» What you have to do
Here the job is to copy the data exactly and to exclude every image from it.

» Given material
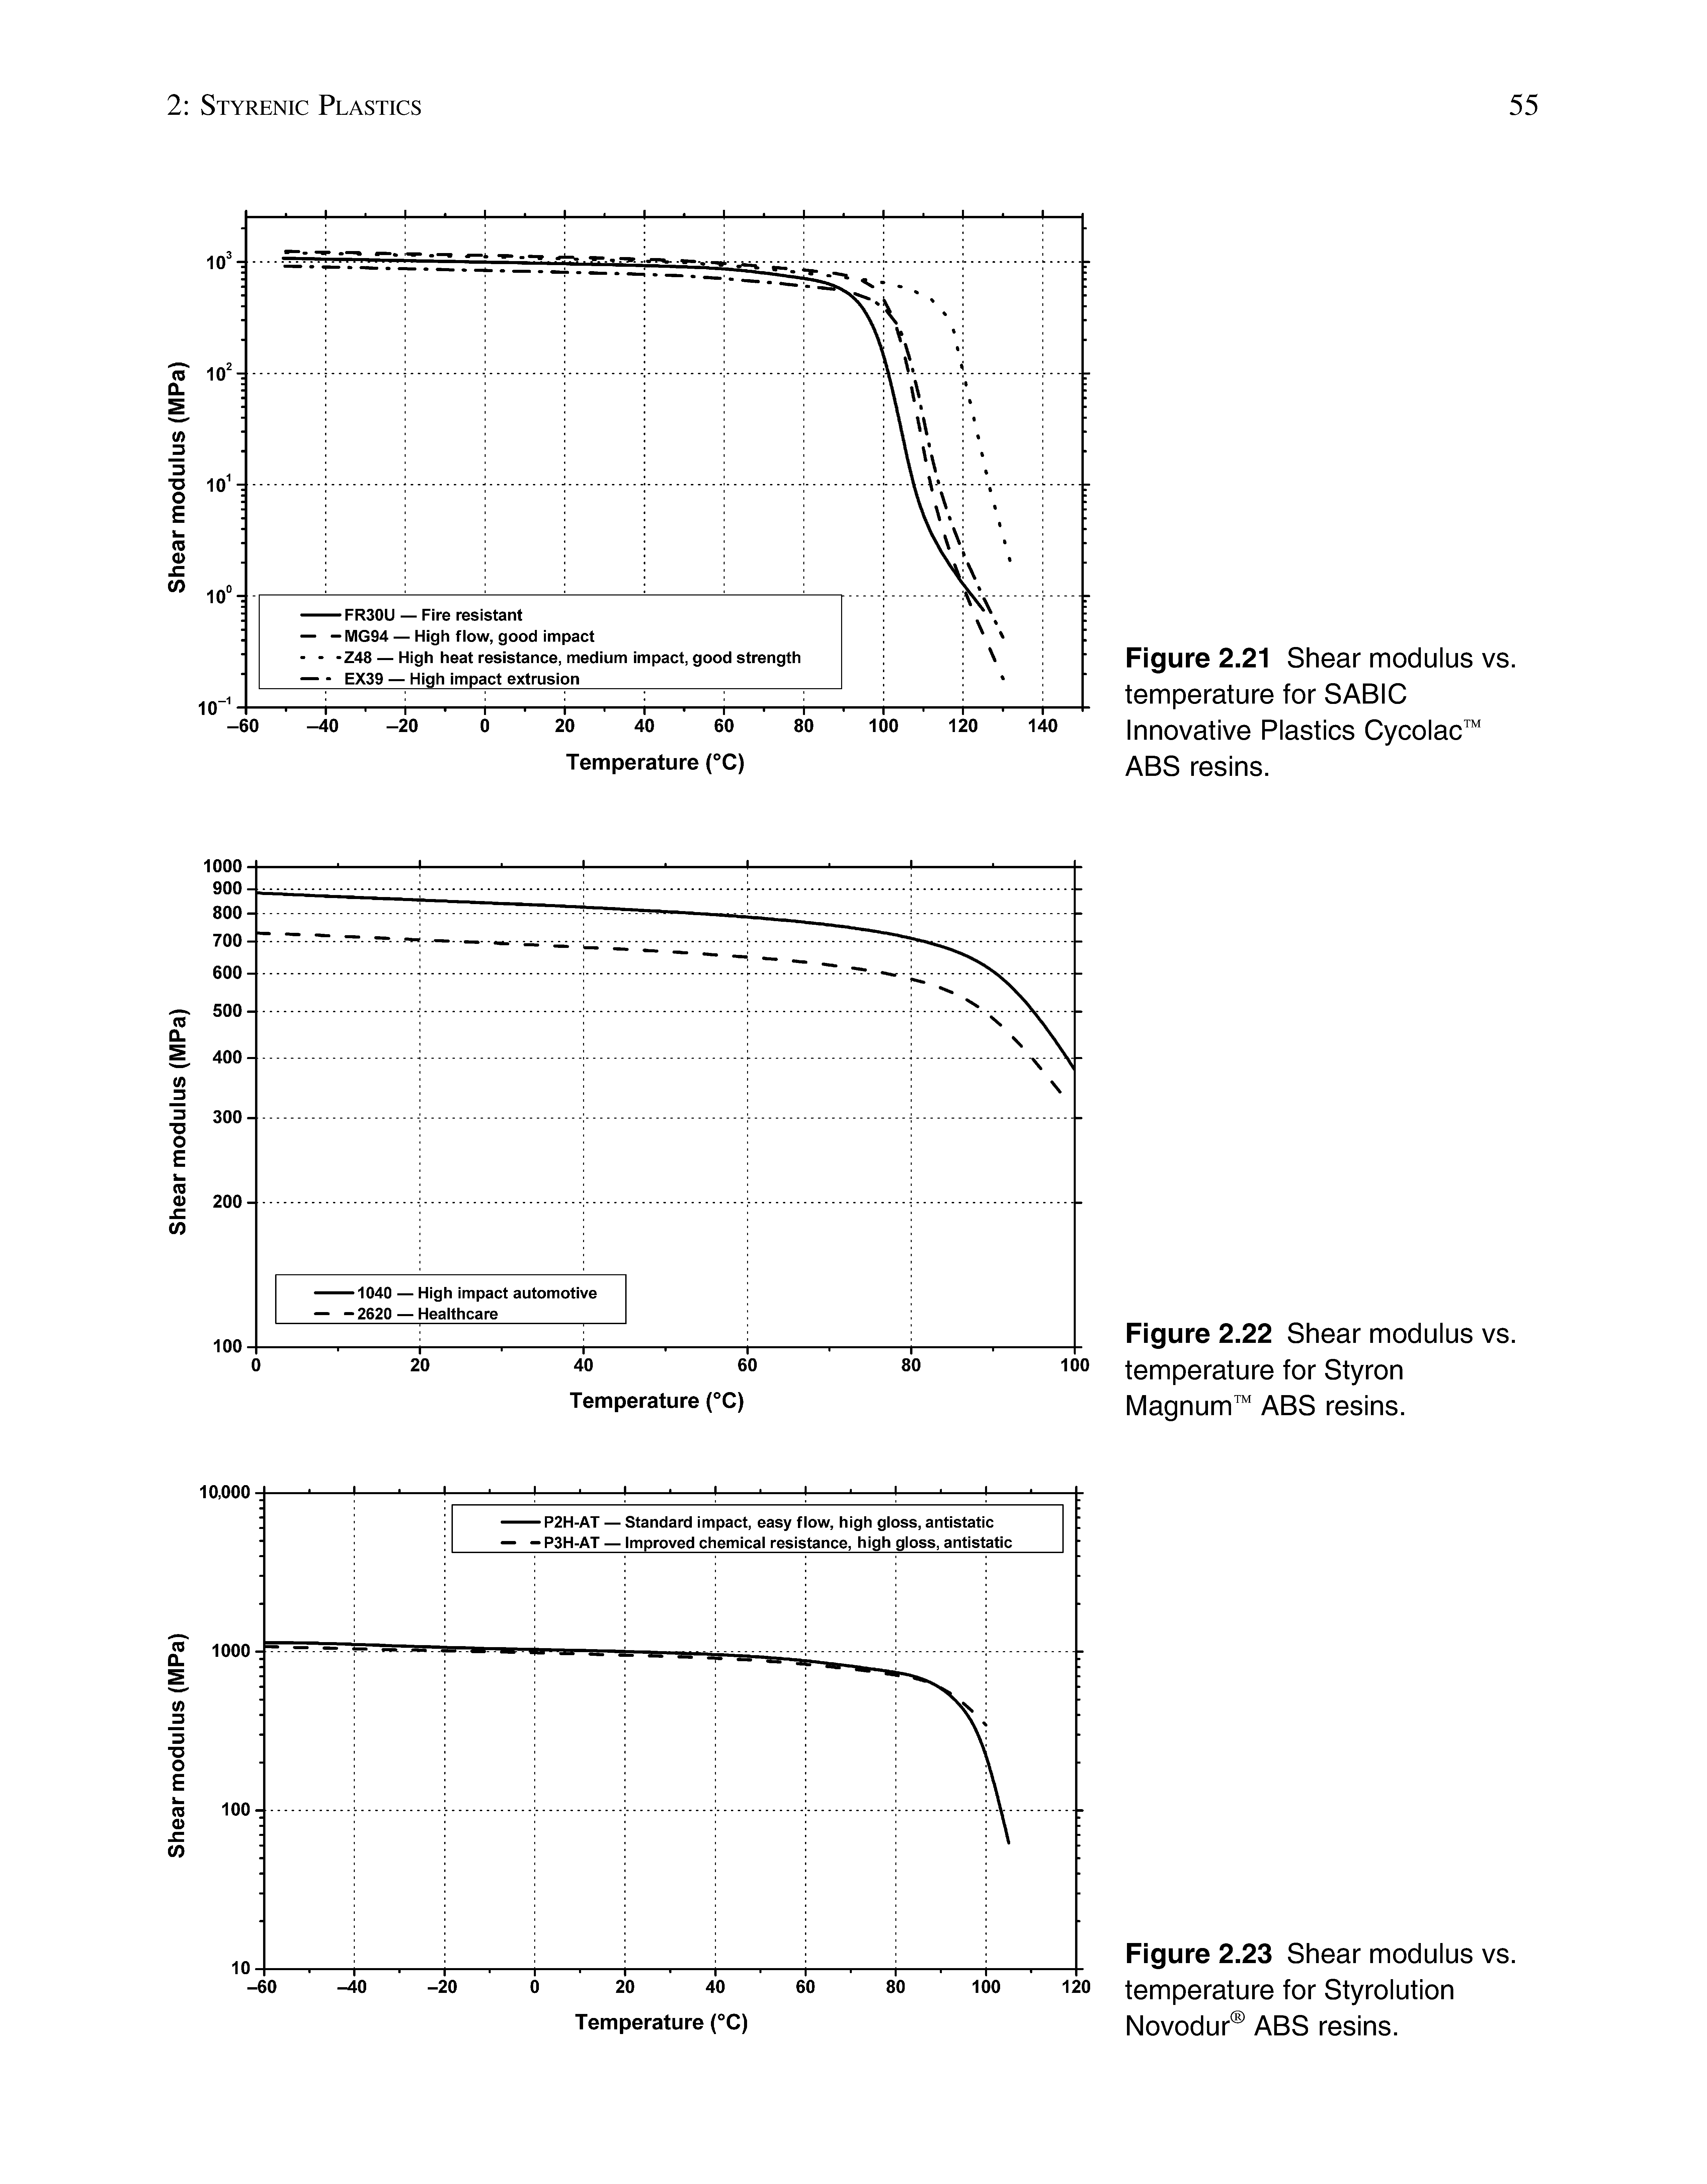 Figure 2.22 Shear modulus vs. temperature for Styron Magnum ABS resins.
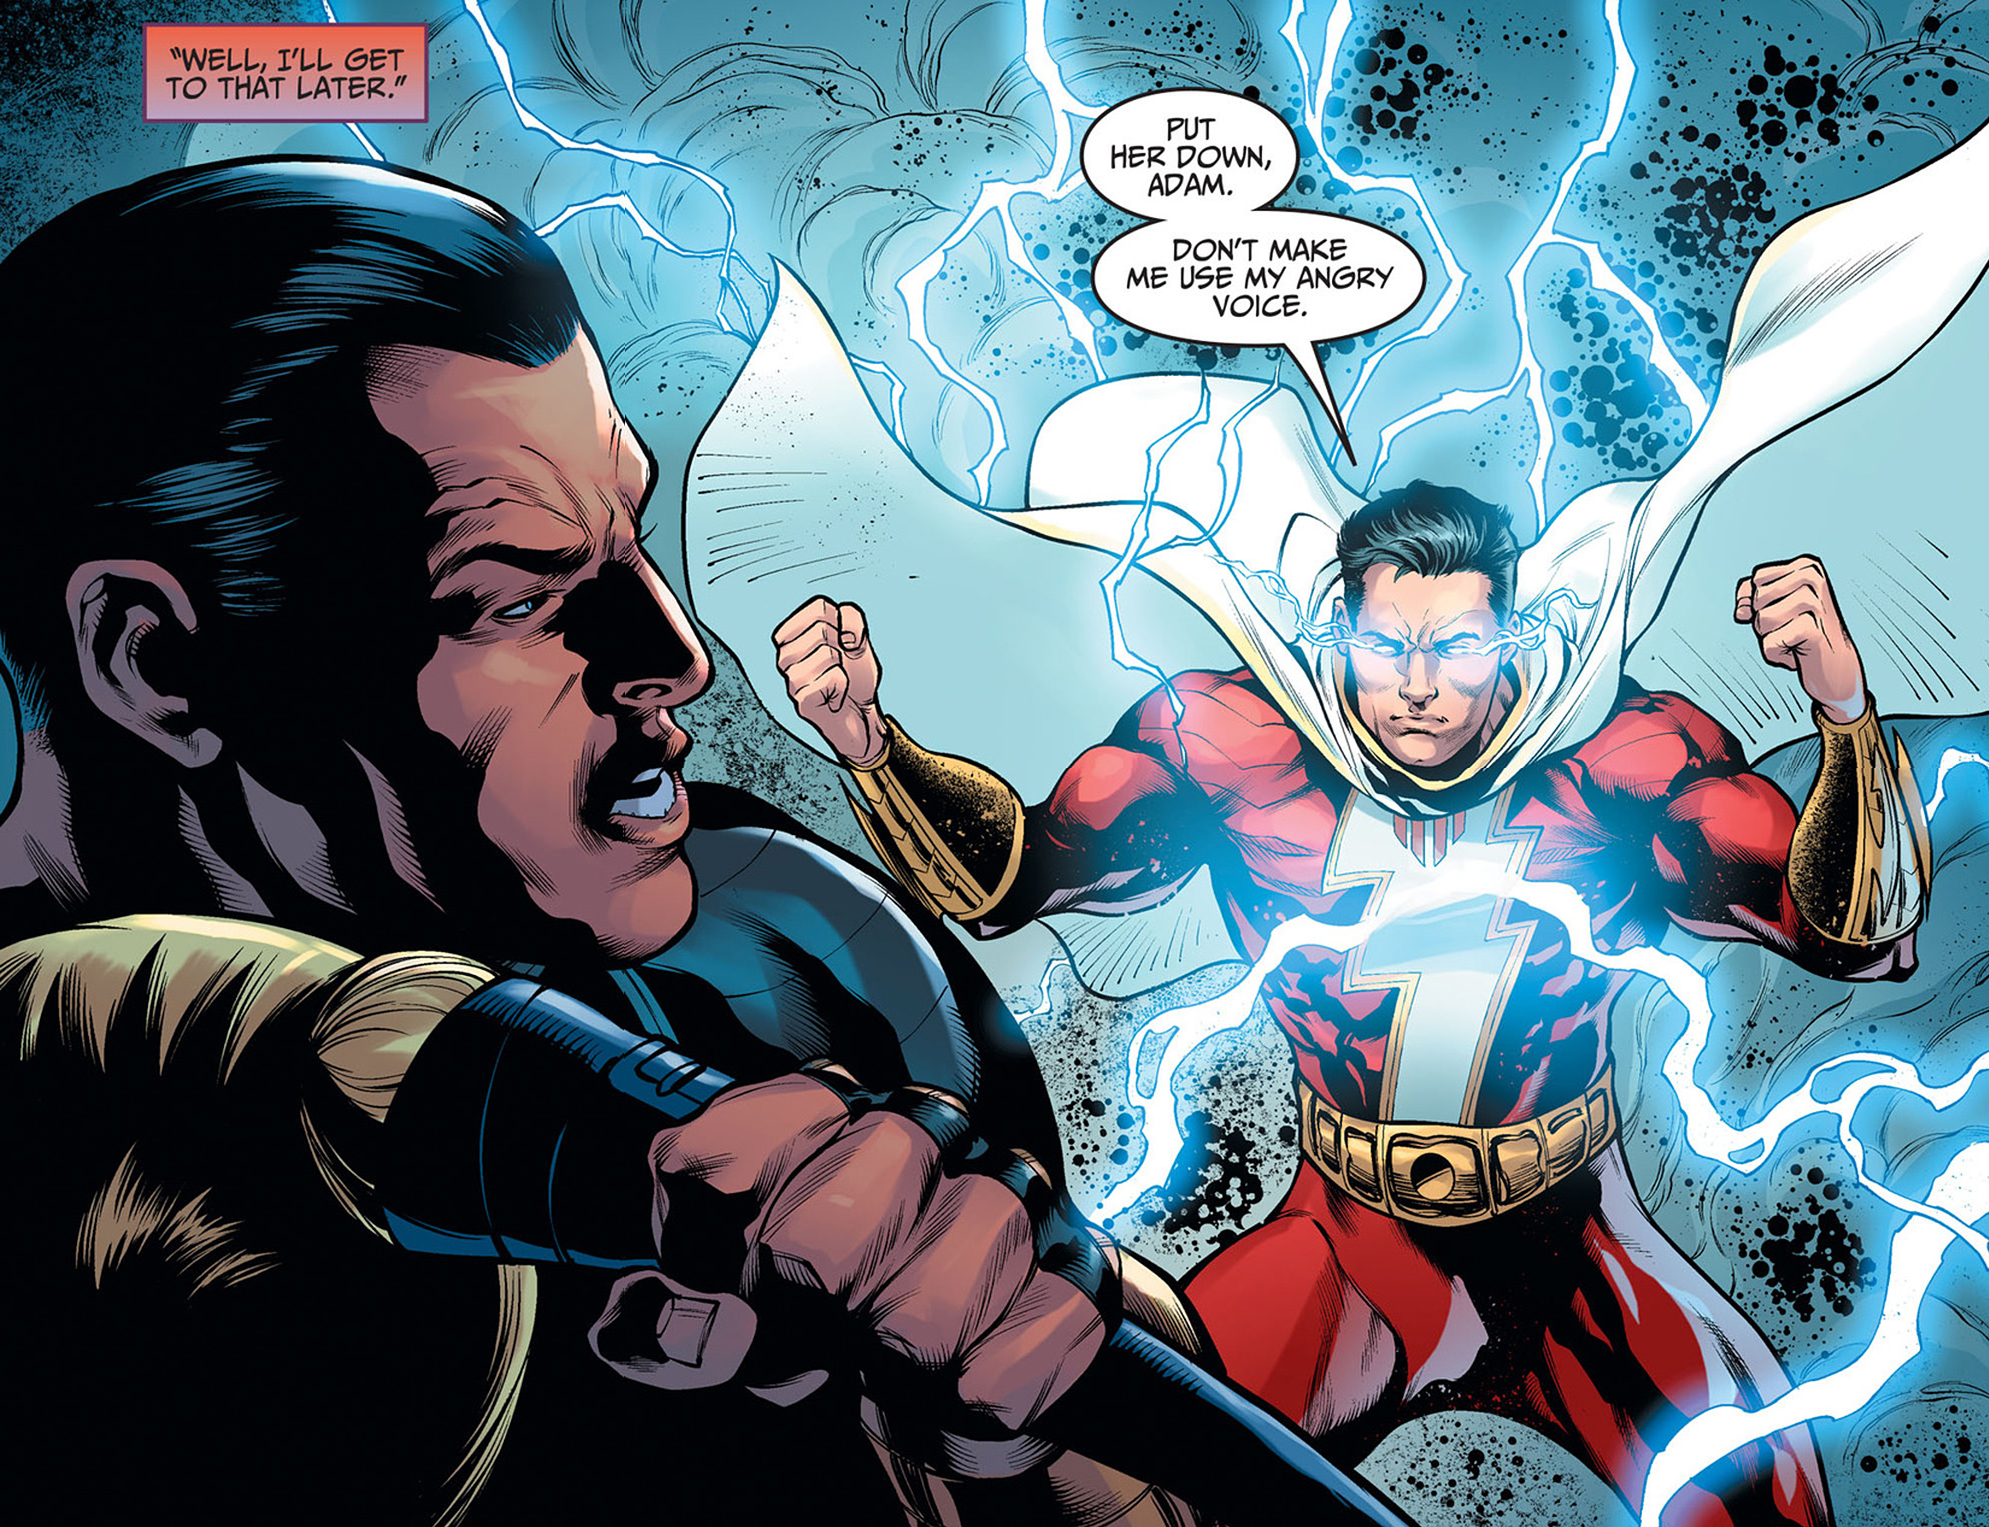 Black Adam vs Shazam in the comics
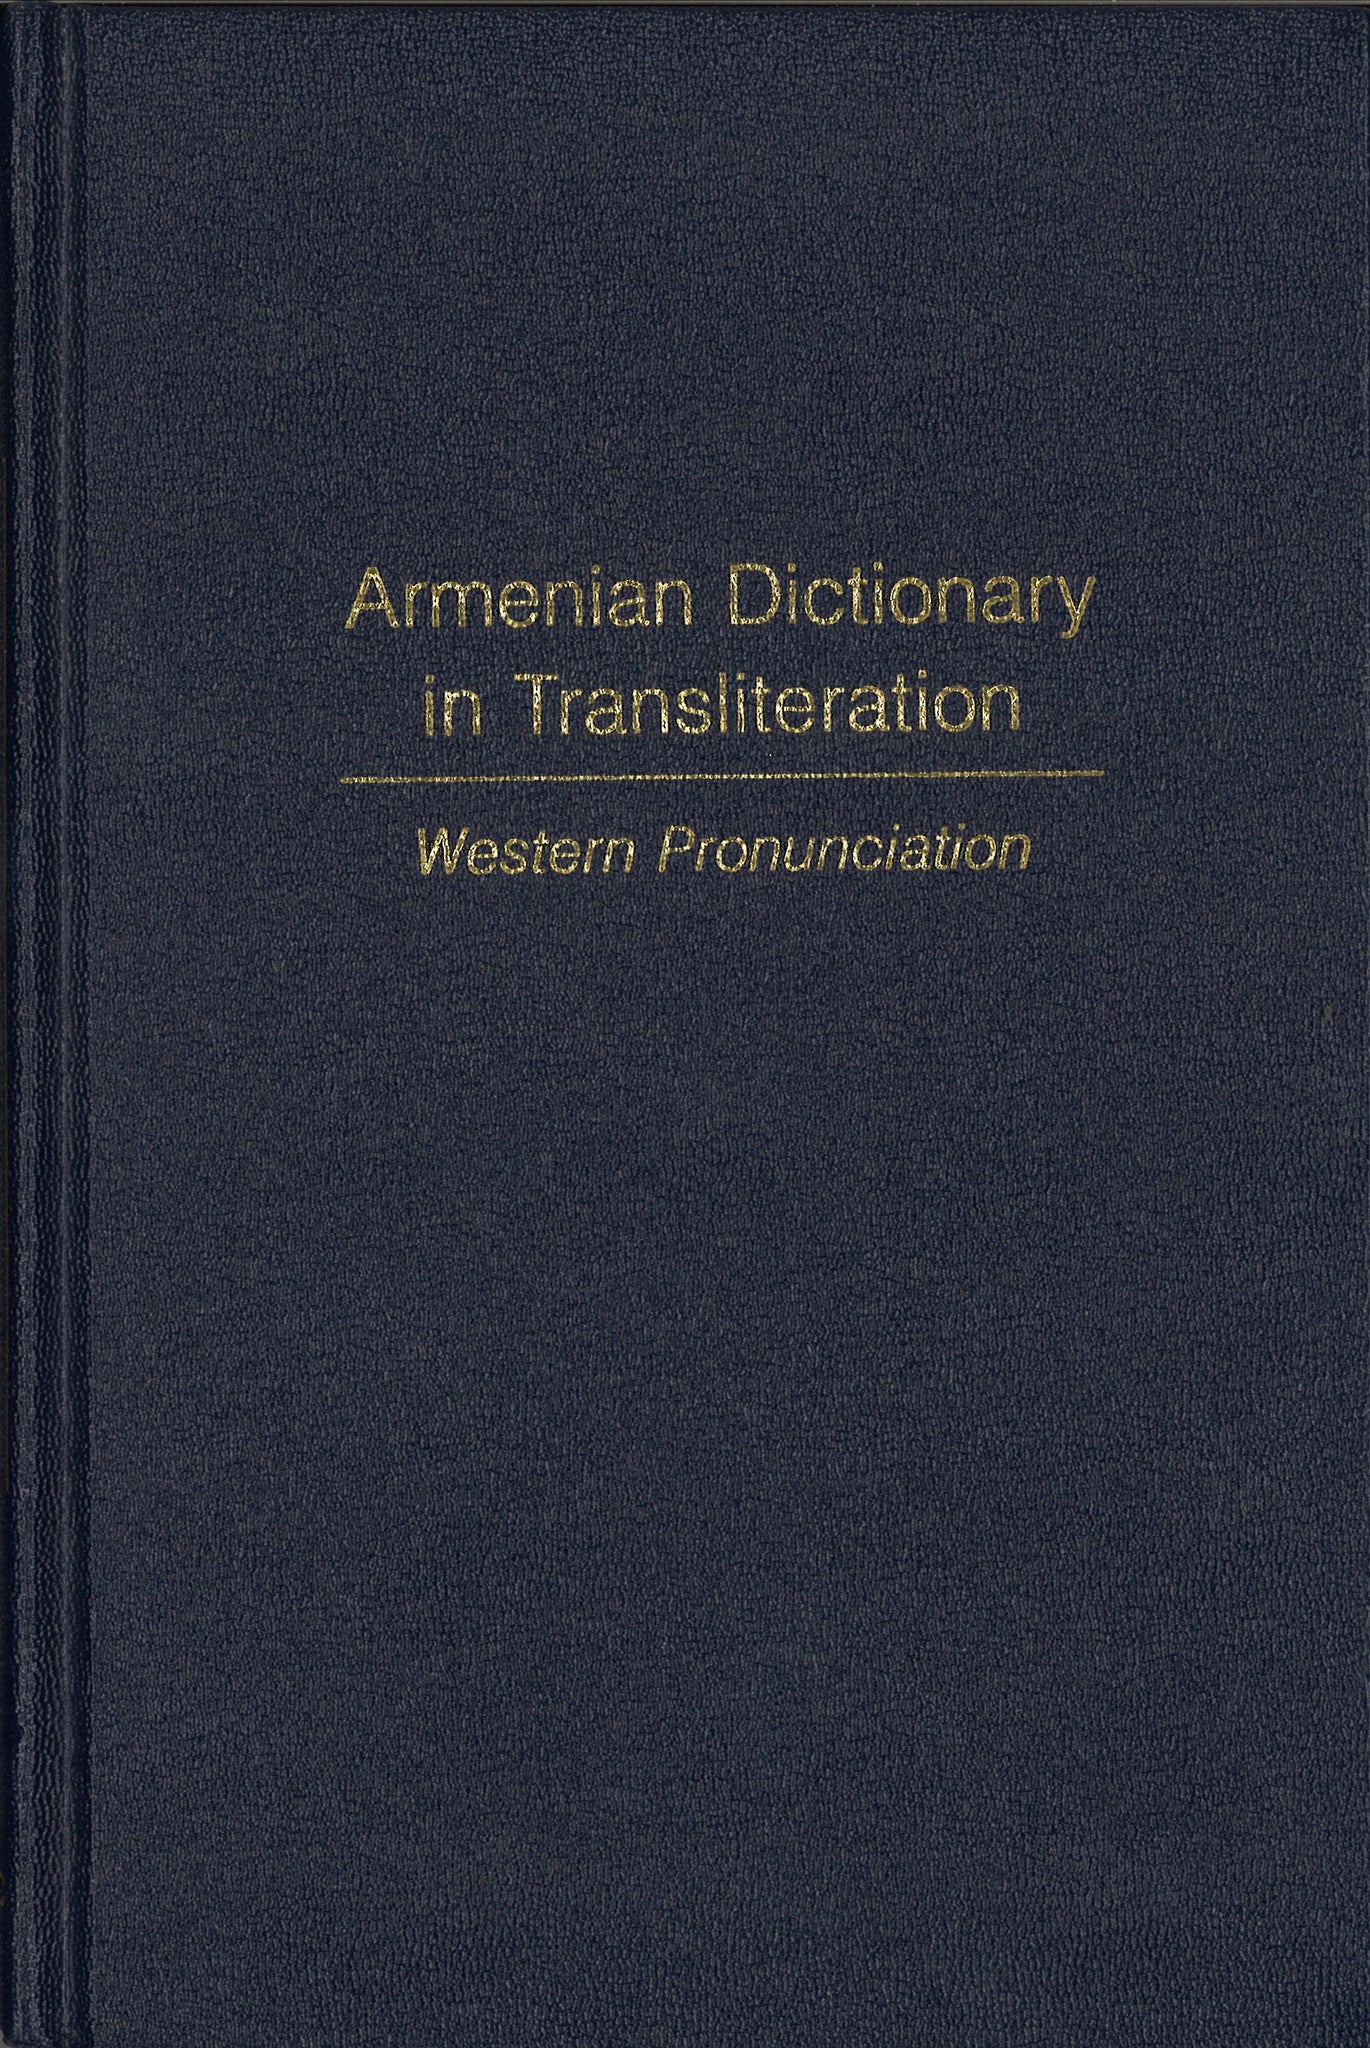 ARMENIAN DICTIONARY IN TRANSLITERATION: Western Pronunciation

» Answer space
 Figure 2.22 Shear modulus vs. temperature for Styron Magnum ABS resins.
 Black Adam vs Shazam in the comics
 ARMENIAN DICTIONARY IN TRANSLITERATION: Western Pronunciation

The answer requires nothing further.